In the process of modeling, we used the two-step algorithm proposed by Genuer et al. to select variables with RF [35]. Firstly, we ranked the 7 variables by sorting them in descending order of importance (physical activity level, menopausal status, perceived health status, parity, residence, marital status, and history of chronic disease). We then computed the OOB error rates of RF for the nested models starting with the most important variable (physical activity level), and ending with the one involving all important variables kept previously [35]. The top 4 variables (physical activity level, menopausal status, perceived health status, parity) that led to the smallest OOB error were selected for the construction of the model and used for interpreting the results.

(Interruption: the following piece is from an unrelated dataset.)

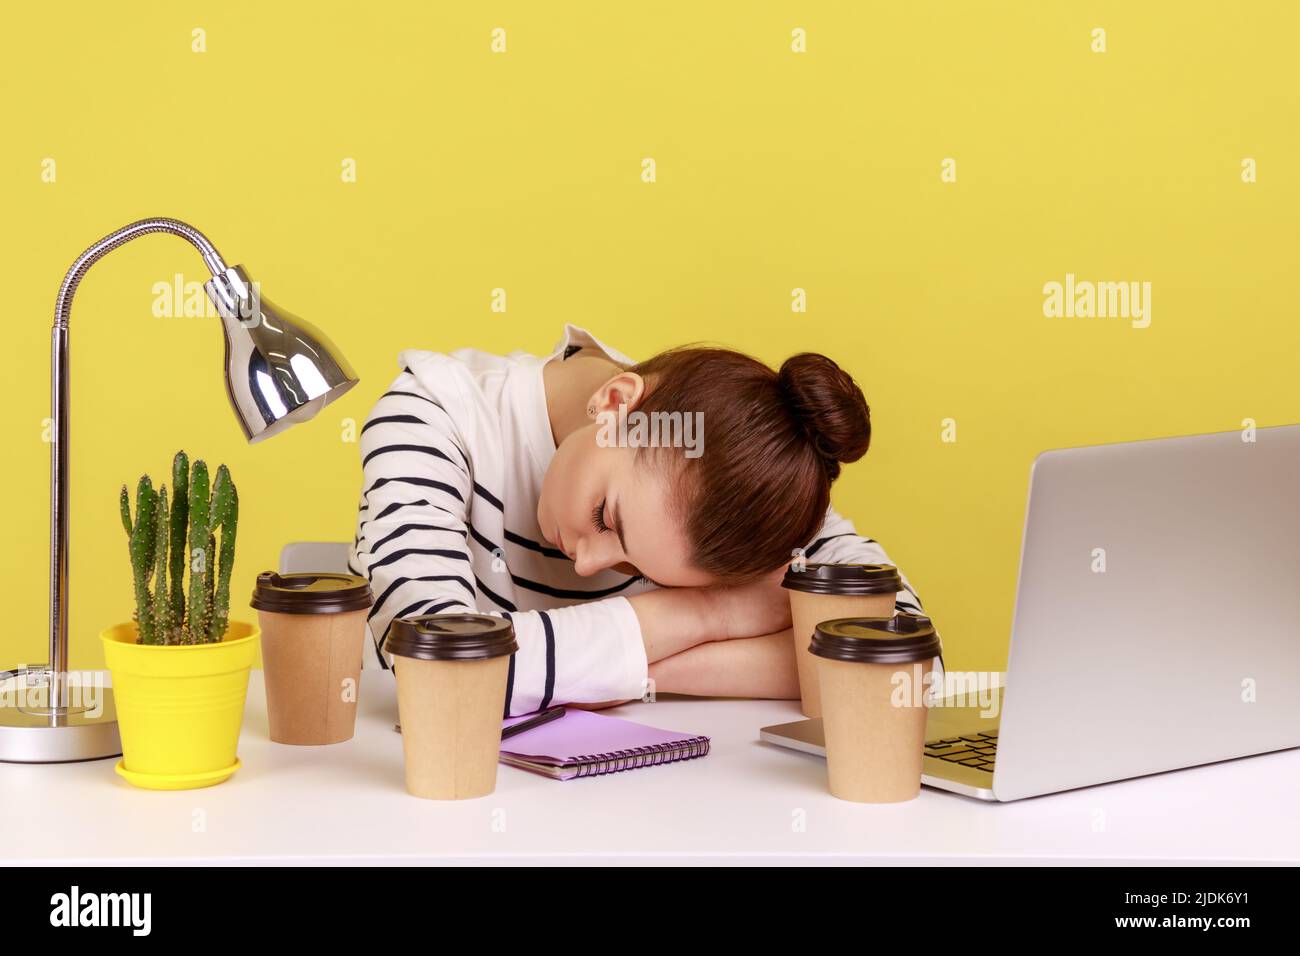 Una donna affaticata che dorme sul posto di lavoro, distesa circondata da tazze di caffè, riposa dopo il lavoro straordinario. Studio interno girato isolato su sfondo giallo. Foto Stock

RF does not overfit and has no restrictions and assumptions on the data. It can rank the importance of the factors with high prediction accuracy, but its interpretation is poor [36]. The ordinal logistic regression can make a more intuitive explanation of the influencing factors [36]. This study combines RF and ordinal logistic regression modelling of menopausal symptoms. It provides a new modelling approach for similar studies.

To the best of our knowledge, the current study is one of few studies which has investigated the association between physical activity level and severity of menopausal symptoms in middle-aged women in northwest China using validated instruments [19]. The most special feature of this study was that the importance of factors was ranked by the RF. But some limitations exist. First, this was a cross-sectional design that did not permit assessment of the temporal and potentially causal relation of variables. Second, the data were self-reported; however, we used the usual methods in the literature. Third, potential selection bias could exist because the participants who completed the survey were those who had internet and smartphone access. Fourth, we investigated this association in only one region in China, so the generalization of our findings to other areas and ethnicities should be made with caution.

Conclusion

Our study showed that among middle-aged women in northwest China, a higher level of physical activity is associated with less severe menopausal symptoms. Based on RF ranking and screening, physical activity level was identified as the most important factor affecting the severity of menopausal symptoms. Our study provided useful information for physicians and policy makers on devising specific programs to encourage middle-aged women to do moderate to high levels of physical activity.